CLASS A COMMON STOCK
PREFERRED STOCK
DEBT SECURITIES
WARRANTS
DEPOSITARY SHARES
PURCHASE CONTRACTS
UNITS
PROSPECTUS
November 15, 2021
PART II
INFORMATION NOT REQUIRED IN PROSPECTUS
Item 14. | Other Expenses of Issuance and Distribution. |
The following table shows the costs and expenses, other than underwriting discounts and commissions, payable in connection with the sale and distribution of the securities being registered. All amounts are estimated.
Type | Amount | |||
SEC registration fee | $ | (1 | ) | |
FINRA filing fee | 225,500 | |||
Printing expenses | (2 | ) | ||
Legal fees and expenses | (2 | ) | ||
Accounting fees and expenses | (2 | ) | ||
Transfer agent fees and expenses | (2 | ) | ||
Rating agency fees | (2 | ) | ||
Trustee’s and depositary’s fees and expenses | (2 | ) | ||
Miscellaneous expenses | (2 | ) | ||
|
| |||
Total | $ | (2 | ) | |
|
|
(1) | Deferred pursuant to Rule 456(b) of the Securities Act and to be calculated in connection with the offering of securities under this registration statement pursuant to Rule 457(r) of the Securities Act. |
(2) | These fees are calculated based on the securities offered and the number of issuances and accordingly cannot be estimated at this time. |
Item 15. | Indemnification of Directors and Officers. |
Section 145 of the General Corporation Law of the State of Delaware (the “DGCL”) grants each corporation organized thereunder the power to indemnify any person who is or was a director, officer, employee or agent of a corporation or enterprise, against expenses (including attorneys’ fees), judgments, fines and amounts paid in settlement actually and reasonably incurred by him in connection with any threatened, pending or completed action, suit or proceeding, whether civil, criminal, administrative or investigative, by reason of being or having been in any such capacity, if he acted in good faith in a manner reasonably believed to be in or not opposed to the best interests of the corporation, and, with respect to any criminal action, or proceeding, had no reasonable cause to believe his conduct was unlawful, except that with respect to an action brought by or in the right of the corporation such indemnification is limited to expenses (including attorneys’ fees). Our amended and restated certificate of incorporation provides that we must indemnify our directors and officers to the fullest extent permitted by Delaware law. We have entered into indemnification agreements with each of our directors and officers that may, in some cases, be broader than the specific indemnification provisions contained under Delaware law.

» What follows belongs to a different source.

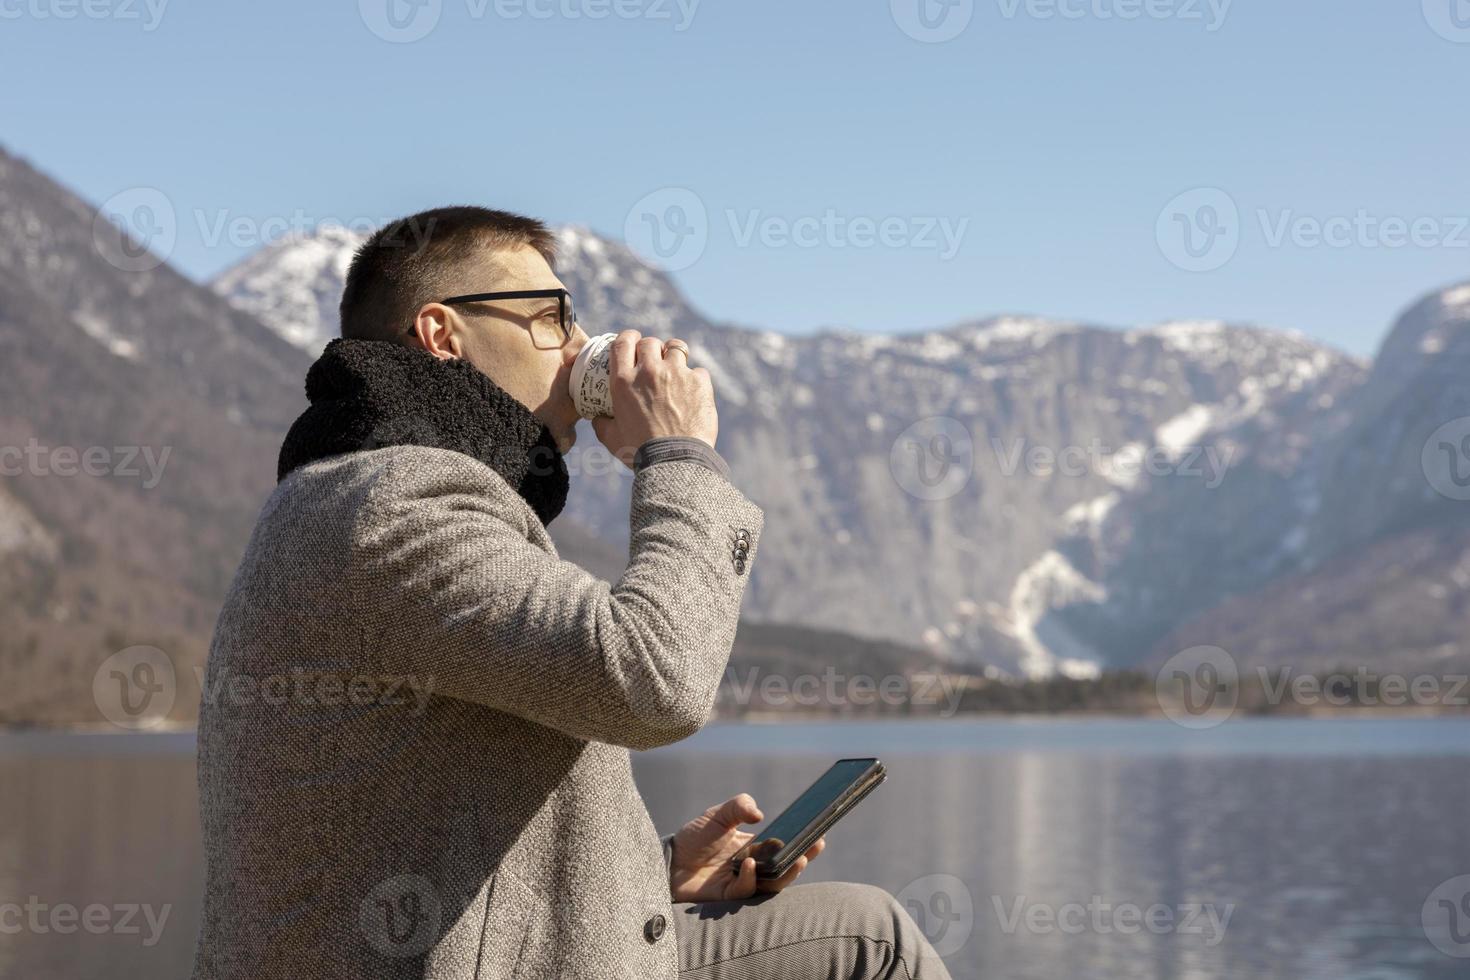 jovem adulto sentado ao ar livre, tomando café e apreciando montanhas, lago, bom tempo, céu azul e sol. paisagem bonita. tempo consigo mesmo, sonho, relaxamento, saúde mental. feriado. foto
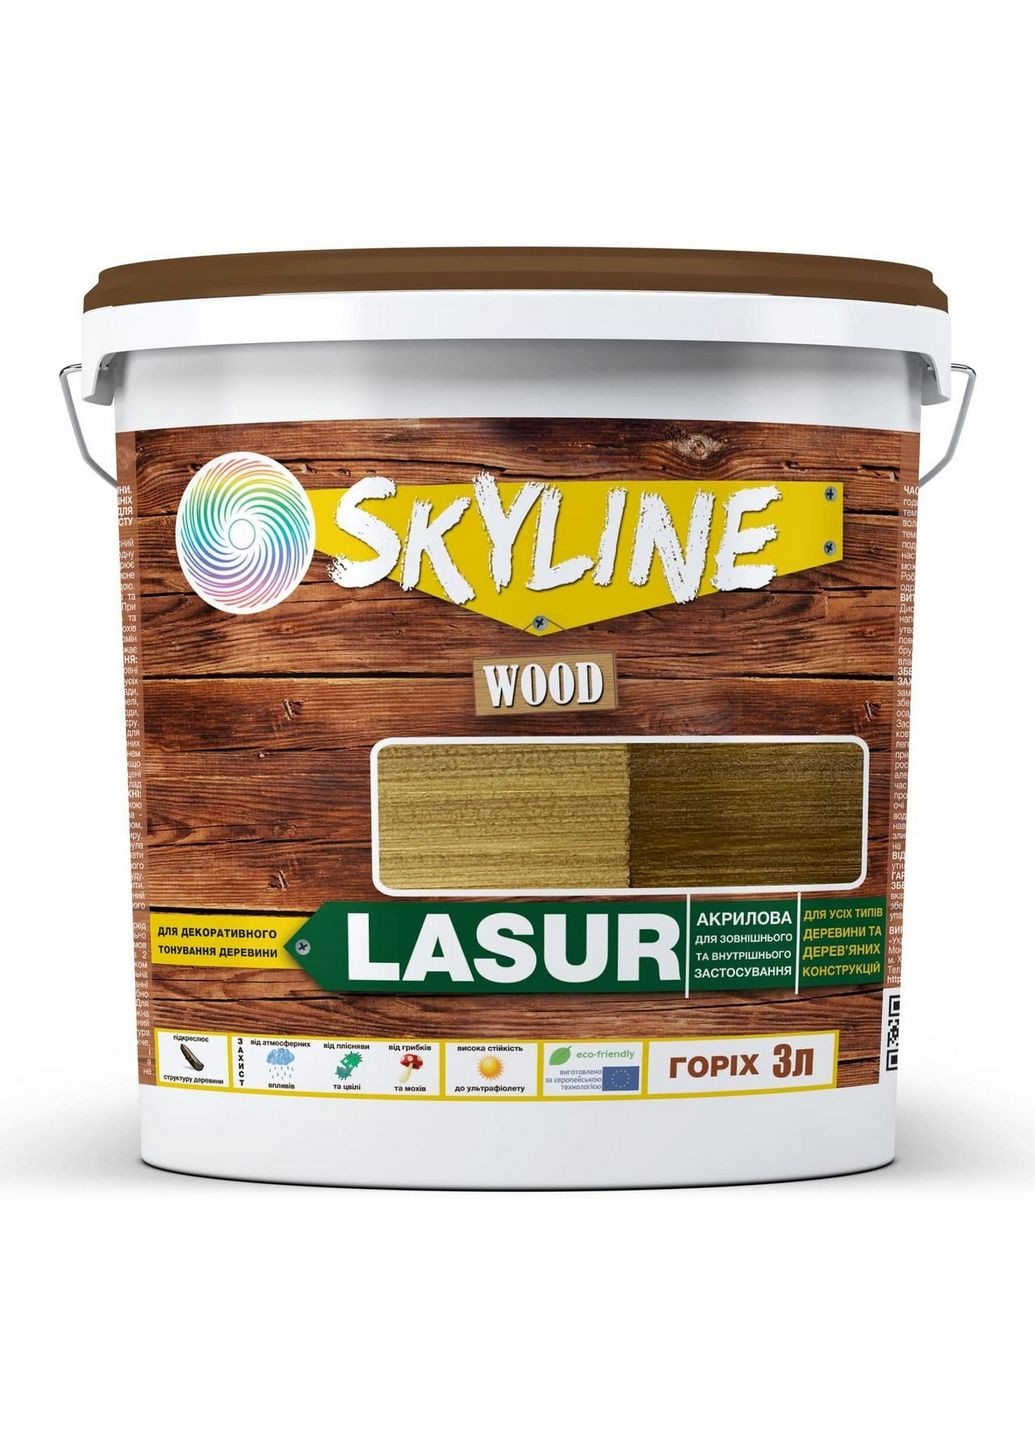 Декоративно-защитная лазурь для обработки дерева LASUR Wood 3 л SkyLine (283326377)

Section 102(b)(7) of the DGCL enables a corporation, in its certificate of incorporation or an amendment thereto, to eliminate or limit the personal liability of a director to the corporation or its stockholders for monetary damages for violations of the director’s fiduciary duty, except (i) for any breach of the director’s duty of loyalty to the corporation or its stockholders, (ii) for acts or omissions not in good faith or which involve intentional misconduct or a knowing violation of law, (iii) pursuant to Section 174 of the DGCL (providing for liability of directors for unlawful payment of dividends or unlawful stock purchases or redemptions) or (iv) for any transaction from which a director derived an improper personal benefit. Our amended and restated certificate of incorporation will provide for such limitations on liability for our directors.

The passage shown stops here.